Late Relapse of Germ Cell Tumors After Prior Chemotherapy or Surgery-only.

Abstract

Late relapse (LR) of germ cell tumor (GCT) is defined as relapsed disease >2 years from initial treatment. LR remains a challenge both for optimal screening methods and management. We report the method of detection, treatments received, and outcomes in patients with chemotherapy-exposed vs chemotherapy-naïve LR GCT. The Indiana University testicular cancer database was queried identifying 131 patients with LR GCT evaluated at Indiana University from January 2000 to January 2019. Method of detection of LR was recorded along with site, treatment received, and survival outcomes. The cohort was divided into 4 groups according to seminoma versus non-seminoma GCT (NSGCT) and chemotherapy-exposed vs chemotherapy-naïve LR. Progression-free survival (PFS) and overall survival (OS) were analyzed using the Kaplan-Meier method and compared using the log-rank test. Medians with 95% confidence intervals were also calculated along with the 2-year probabilities.
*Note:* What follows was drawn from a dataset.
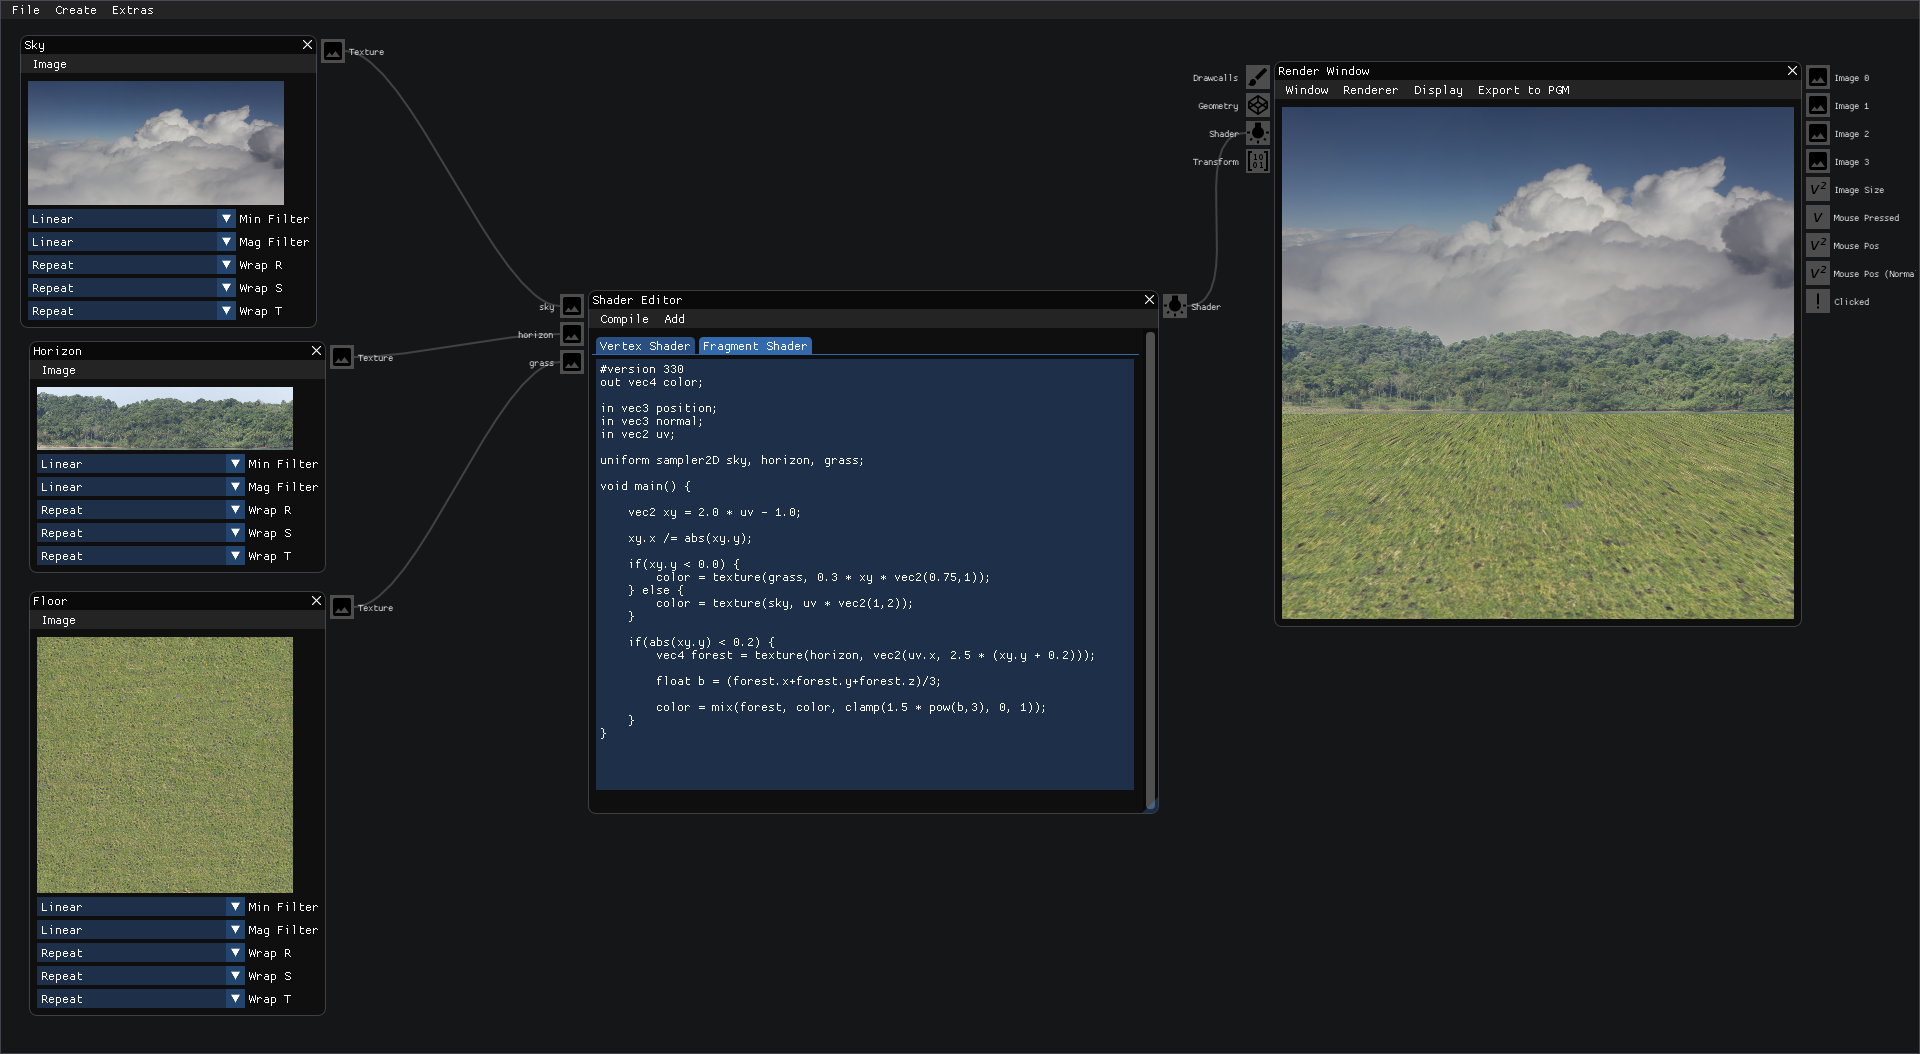 CG Workbench used to compose three images into a single landscape

Median age at LR was 38.3 (range, 19.3-56.8). Chemotherapy-exposed accounted for 75 (57%) and chemotherapy-naïve for 56 (43%) of cases. The 2-year OS comparing chemotherapy-exposed versus chemotherapy-naïve was 78.2% versus 100% (P=.0003). For the 72 chemo-exposed NSGCT LR pts, 2-year PFS based on treatment: surgery vs chemotherapy versus surgery+chemotherapy was 67.1% versus 0% versus 47.1% (P < 0.0001). Fifty-nine percent of chemotherapy-exposed LR had elevation of alpha fetoprotein (AFP) at LR diagnosis. GCT pts require lifetime follow-up with annual physical exam and tumor markers. Surgical resection, when feasible, remains the preferred treatment for chemotherapy-exposed LR. Chemotherapy-exposed LR has worse outcomes compared to chemotherapy-naïve LR patients.